──────── Given entries ────────

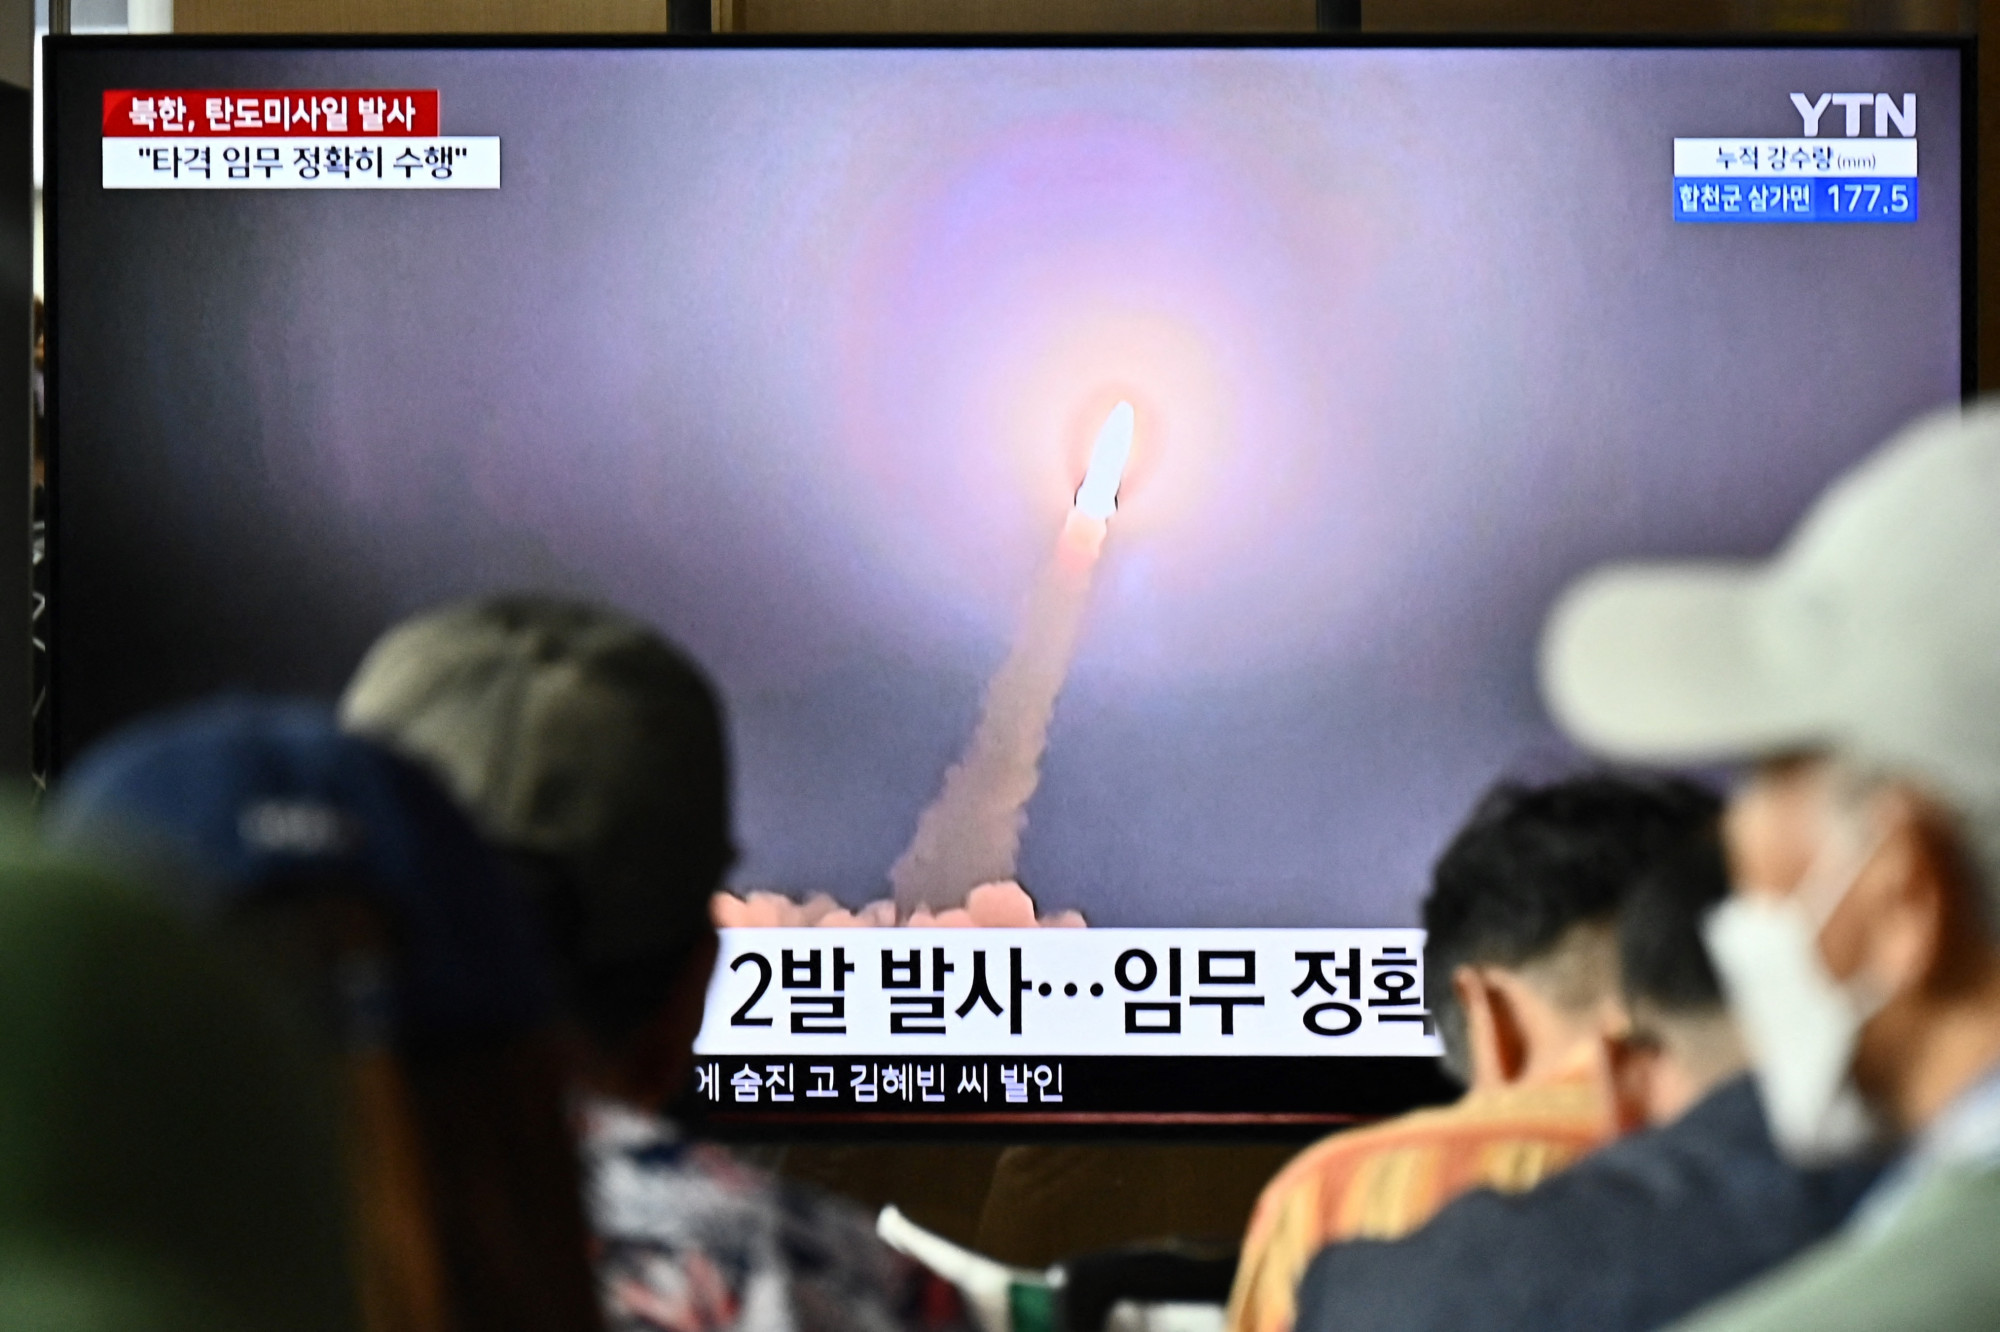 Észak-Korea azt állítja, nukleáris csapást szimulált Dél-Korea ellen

────────
──────── Given entries ────────

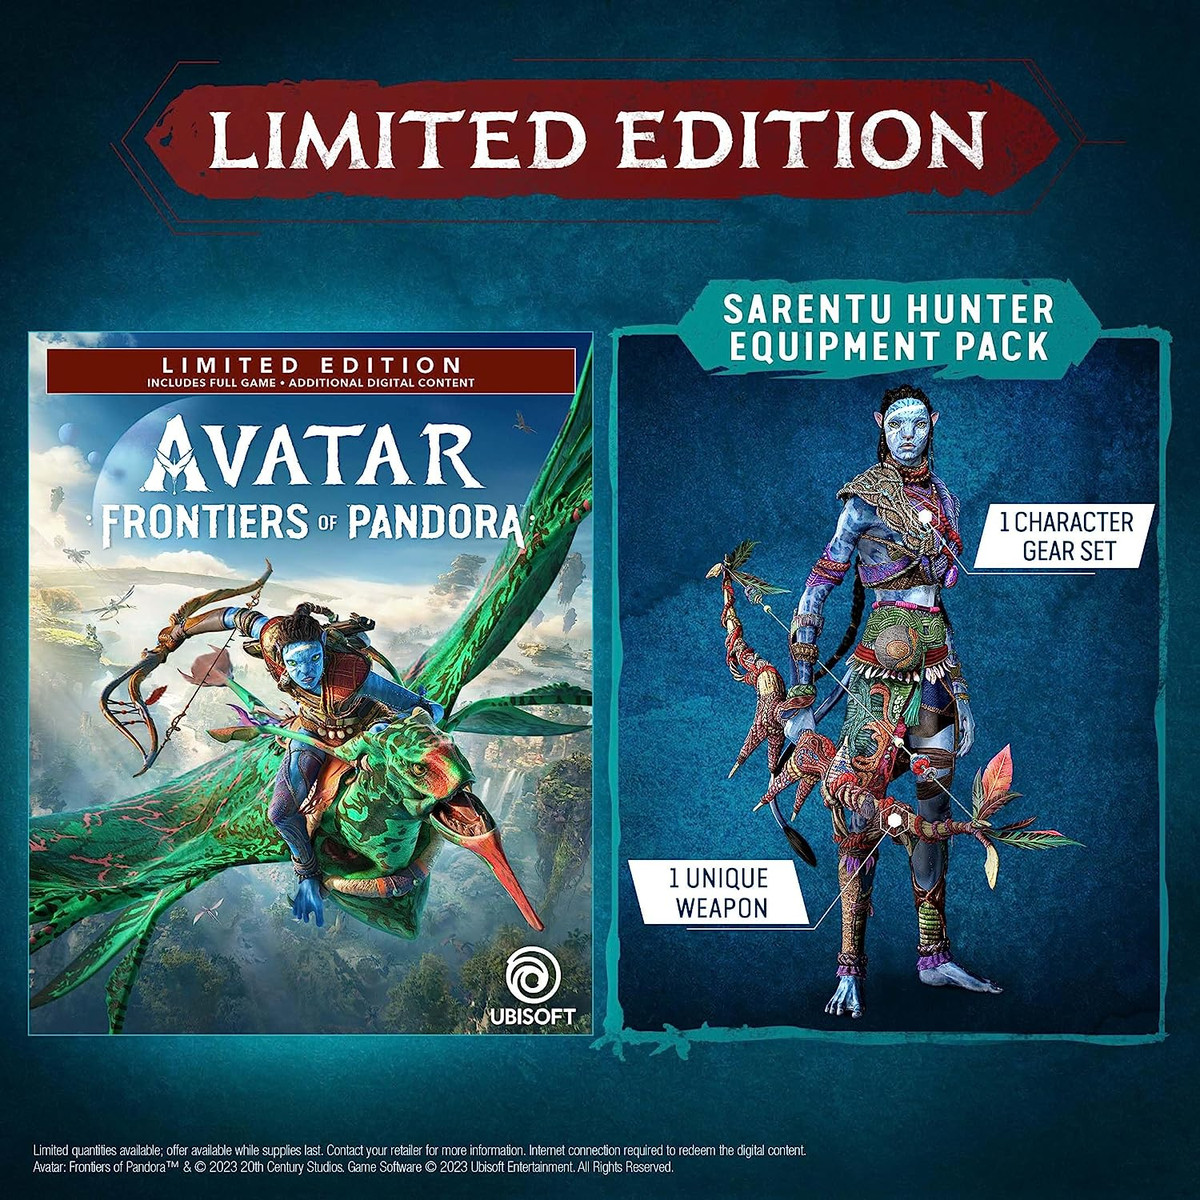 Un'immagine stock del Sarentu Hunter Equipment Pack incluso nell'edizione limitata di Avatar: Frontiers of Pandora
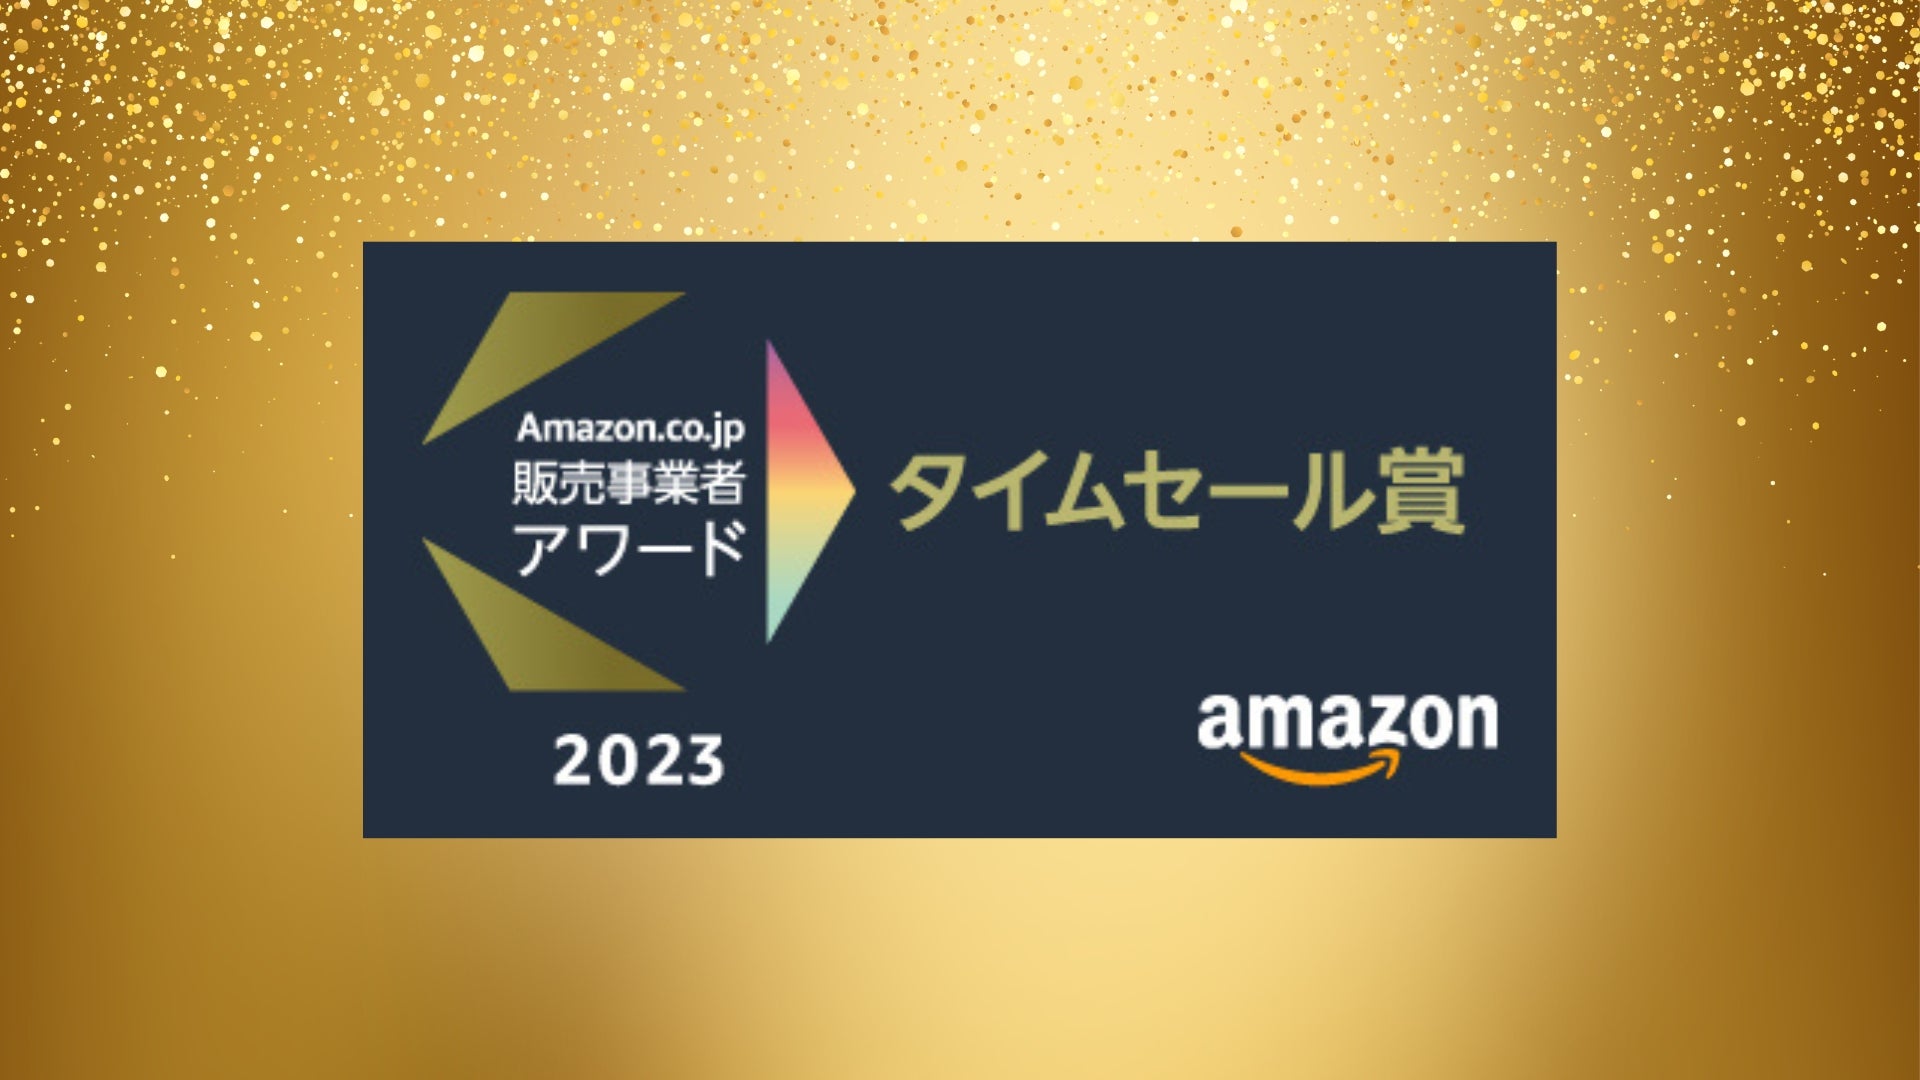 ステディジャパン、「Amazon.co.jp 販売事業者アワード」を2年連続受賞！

────────

### [What you need to do]
Starting at the line above that holds "Un'immagine stock del", return each line up to and including the one that holds "ステディジャパン、「Amaz", exactly as written, minus any pictures.

### [Solution for this problem]
 Un'immagine stock del Sarentu Hunter Equipment Pack incluso nell'edizione limitata di Avatar: Frontiers of Pandora
 ステディジャパン、「Amazon.co.jp 販売事業者アワード」を2年連続受賞！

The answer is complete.